The Chemical Industries Association (CIA) is the leading national trade association representing and advising chemical and pharmaceutical companies located across the United Kingdom.

Chemicals manufacturing in the UK is largely concentrated in the northern regions of the UK and Scotland, in four key chemical Clusters and are represented locally by well-organised Cluster Teams. In Scotland by Chemicals Team Scotland, Northwest England represented by Chemicals Northwest, Northeast England represented the Northeast of England Process Industry Cluster (NEPIC) and in Yorkshire and Humber by Yorkshire Chemical Focus and Humber Chemical Focus.

Function
The CIA represents member companies at both national and international level.
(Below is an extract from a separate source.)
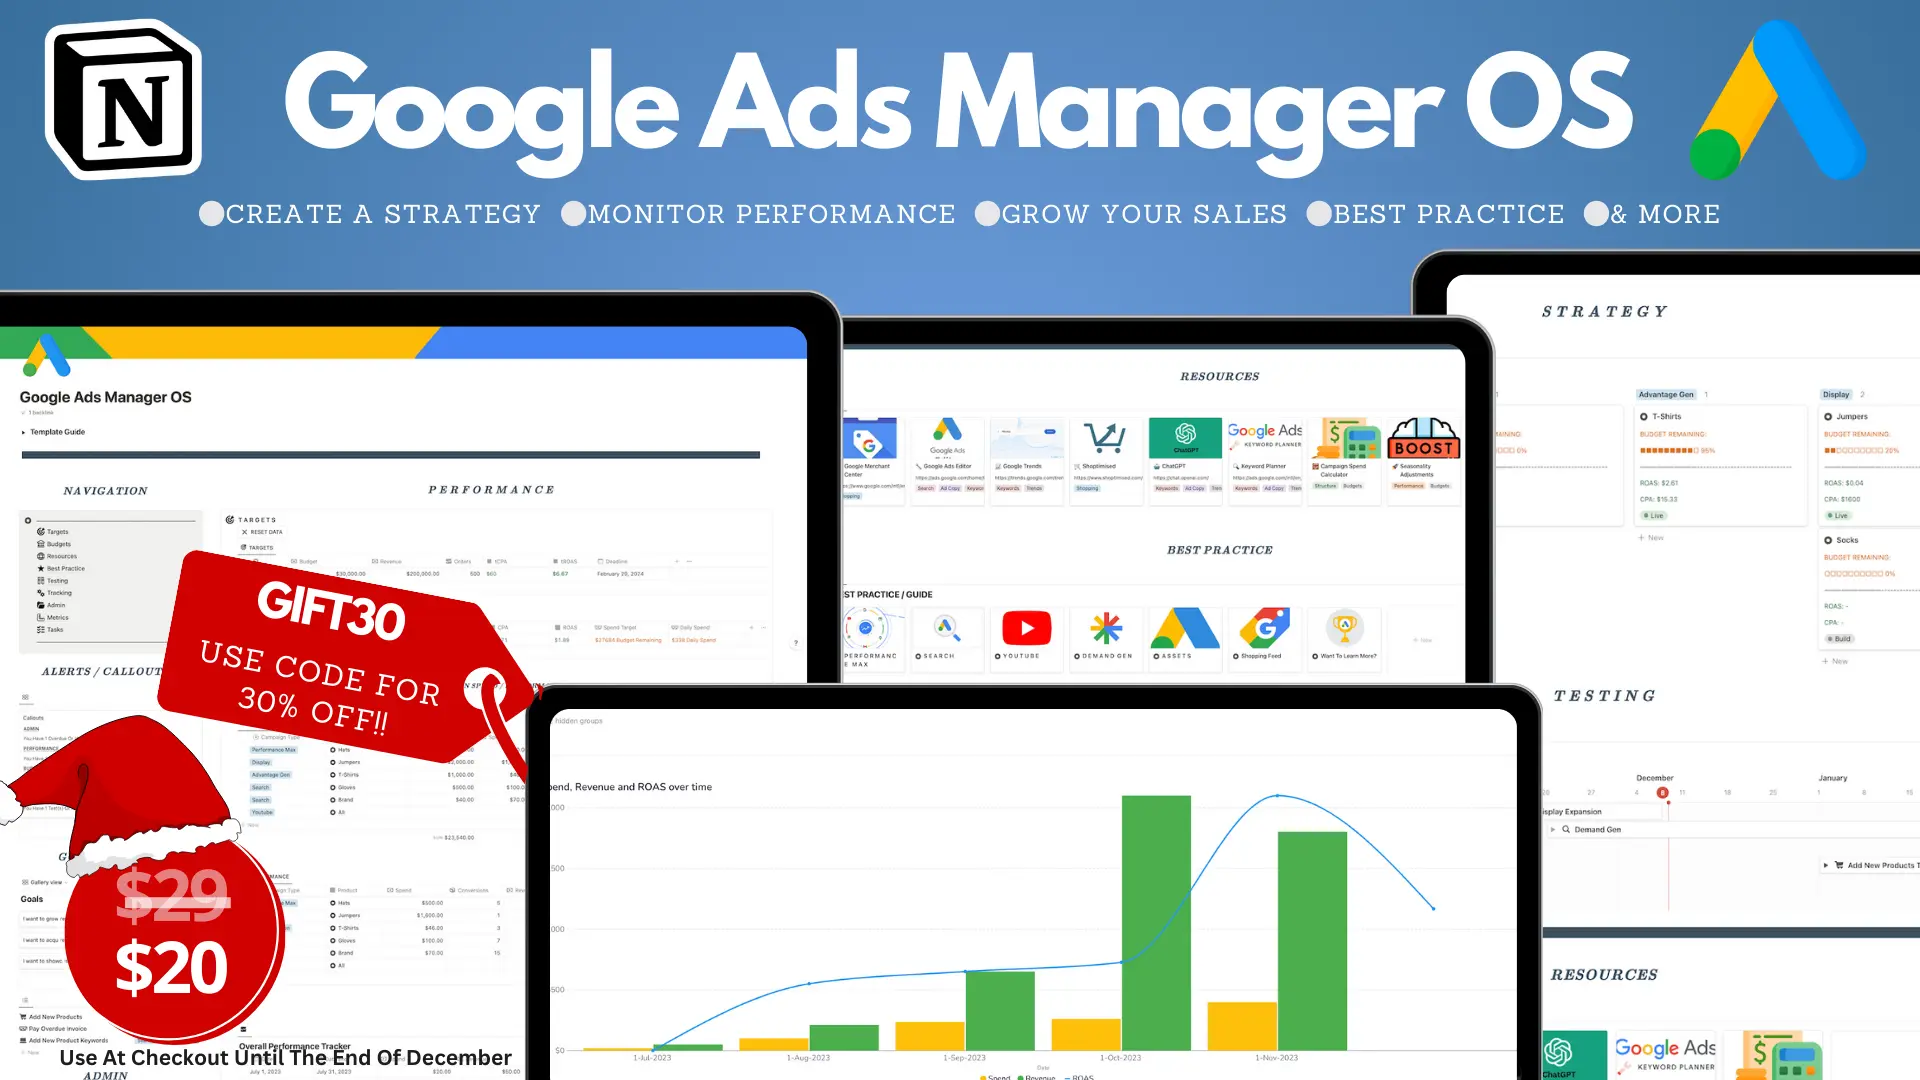 Google Ads Manager OS image
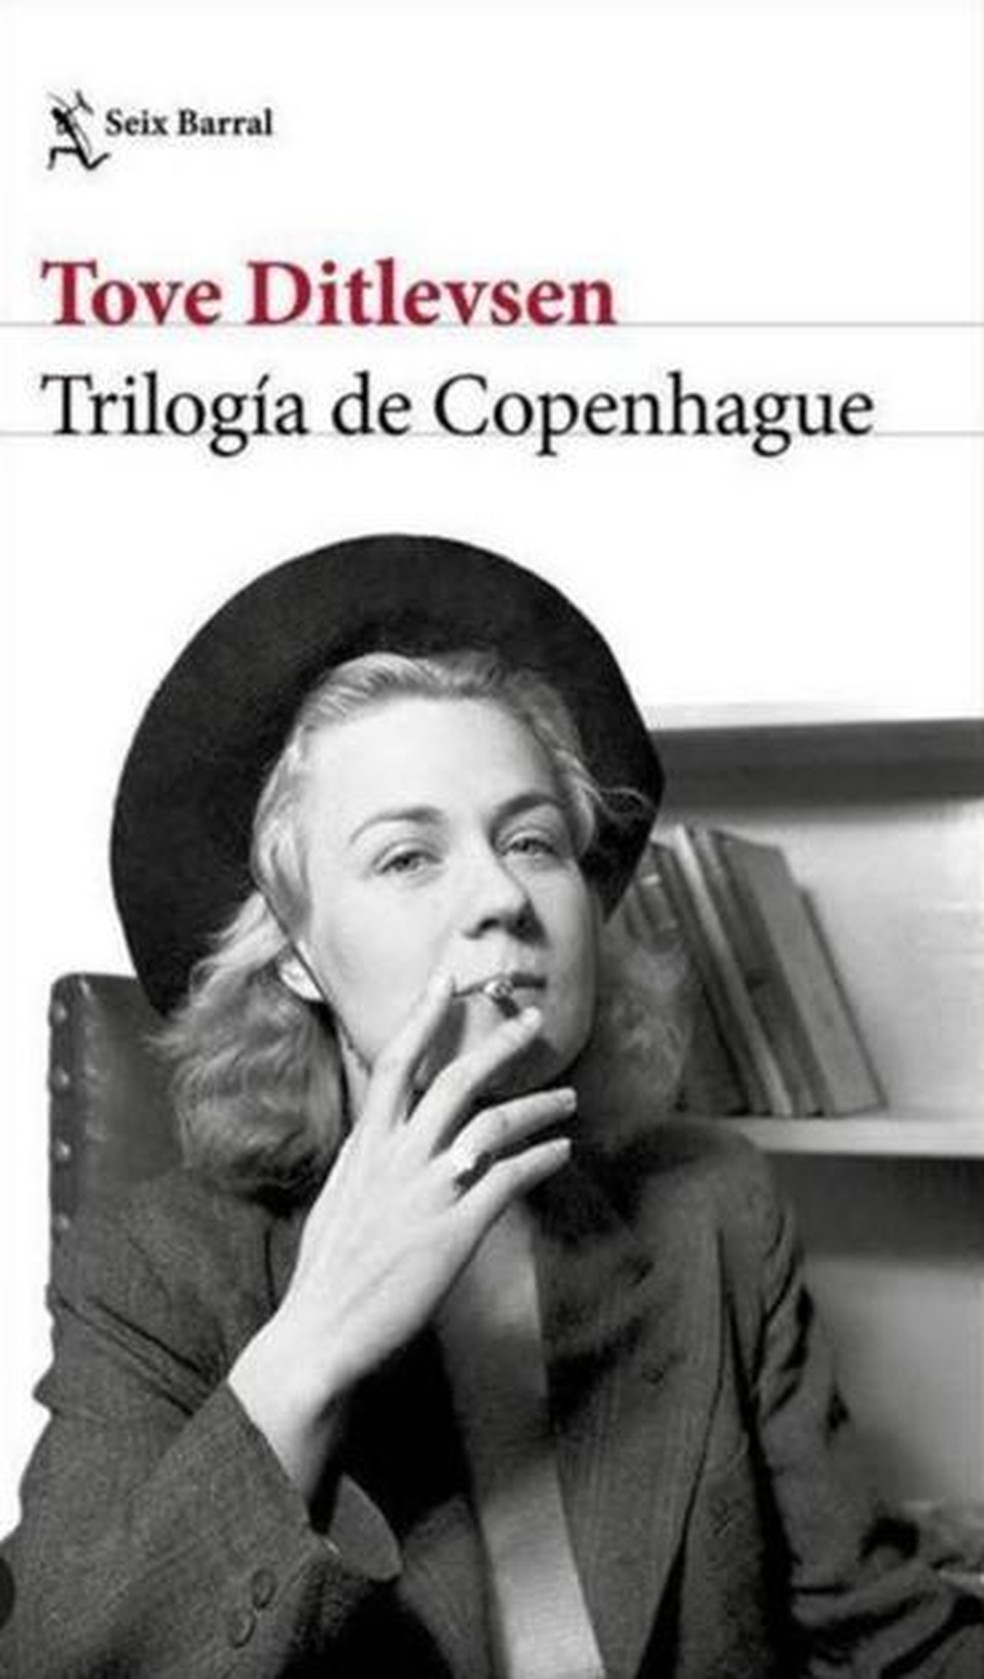 Trilogia de Copenhage: Fenômeno literário será lançado no Brasil pela Companhia das Letras — Foto: Reprodução

The CIA carries out advocacy on behalf of its members' interests. Its remit is to "articulate members’ collective hopes and concerns; improve appreciation of the situation amongst UK and European governments, the media and other key stakeholders; and help address the global competitive issues encountered by our members."

Structure
The CIA currently has around 140 members. These members operate from around 200 sites within the UK. The Association is headed by an elected council of 25 industry executives. It is a requirement of membership that companies that committed to 
Responsible Care principles. Currently, the CIA is presided over by Tom Crotty, Director of INEOS.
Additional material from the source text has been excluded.